**Problem details**: What you produce should be an exact transcription of the data, minus any pictures.

**Supplied material**:
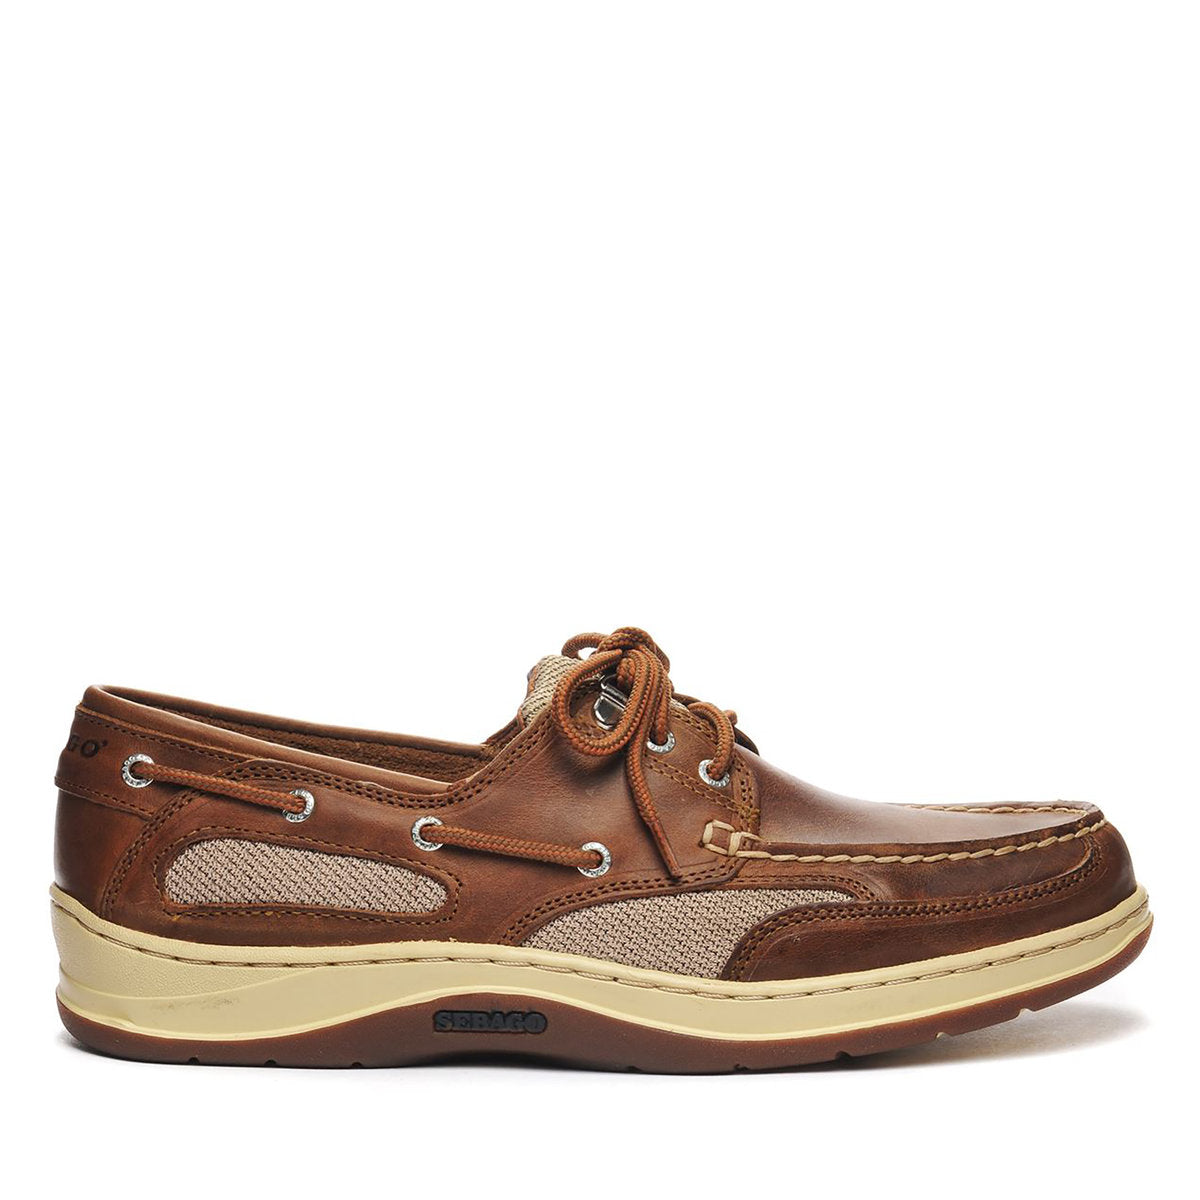 Sebago Men's 7000GEO Clovehitch II Waxed Leather Boat Shoes Brown Cinnamon
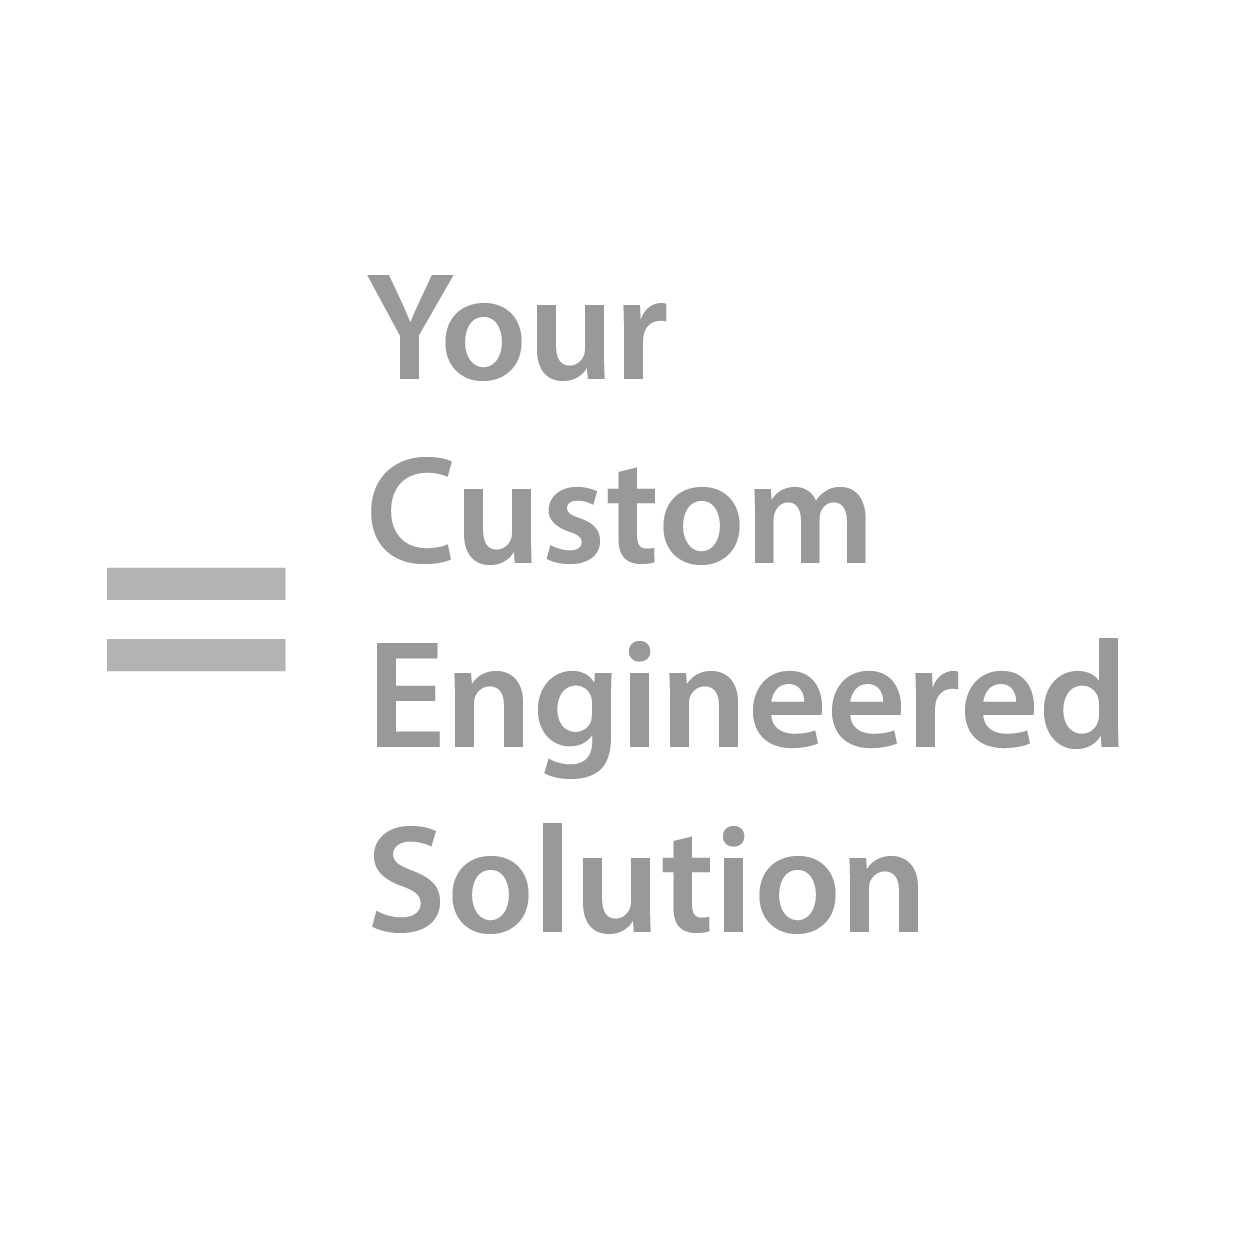 Your custom engineered solution
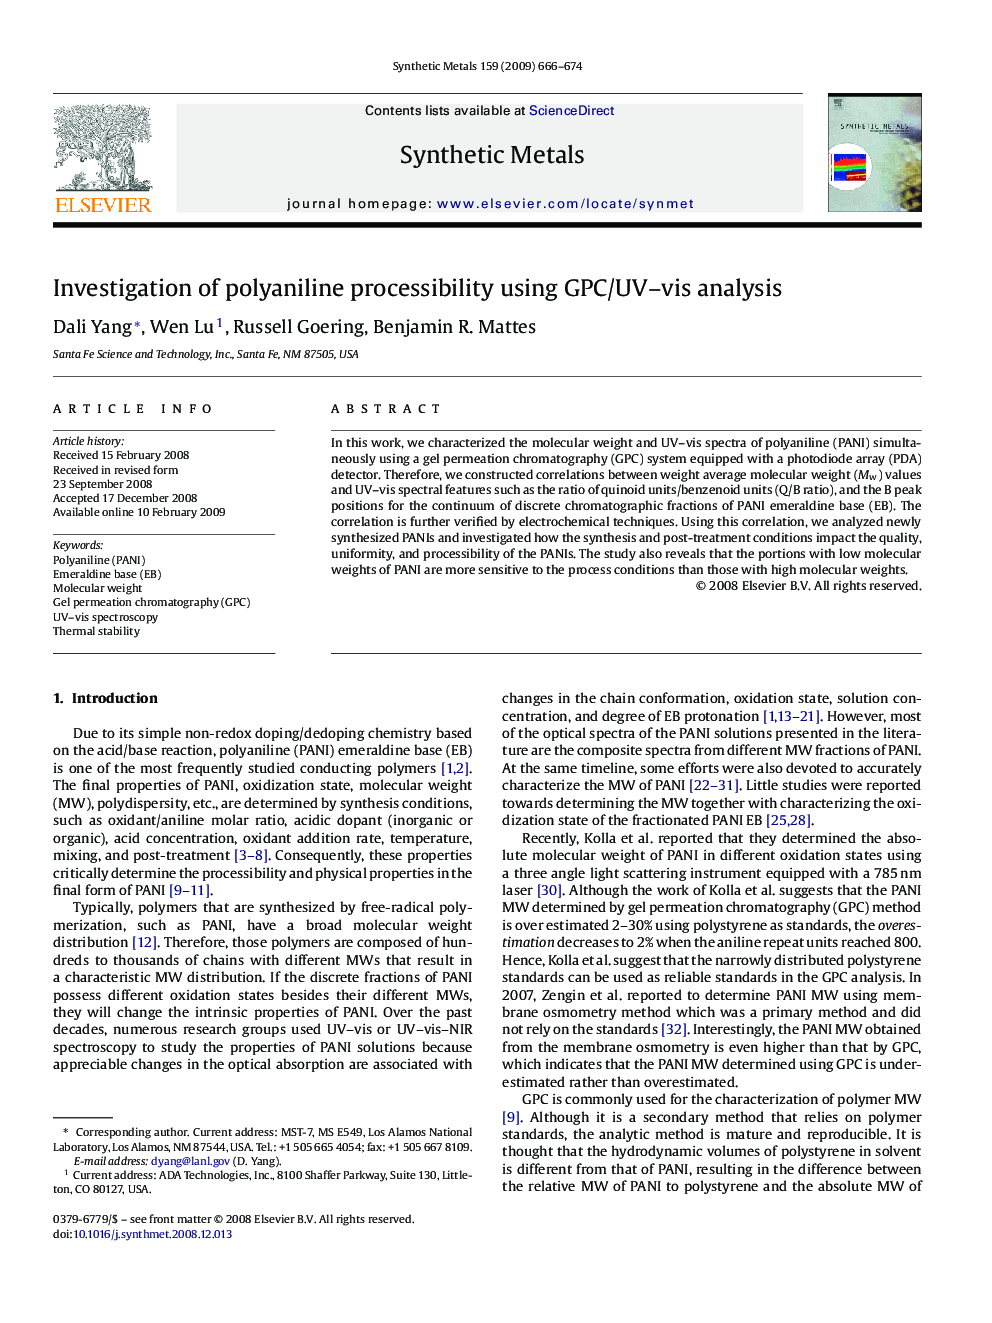 Investigation of polyaniline processibility using GPC/UV–vis analysis

**Exercise response**:
 Sebago Men's 7000GEO Clovehitch II Waxed Leather Boat Shoes Brown Cinnamon
 Your custom engineered solution
 Investigation of polyaniline processibility using GPC/UV–vis analysis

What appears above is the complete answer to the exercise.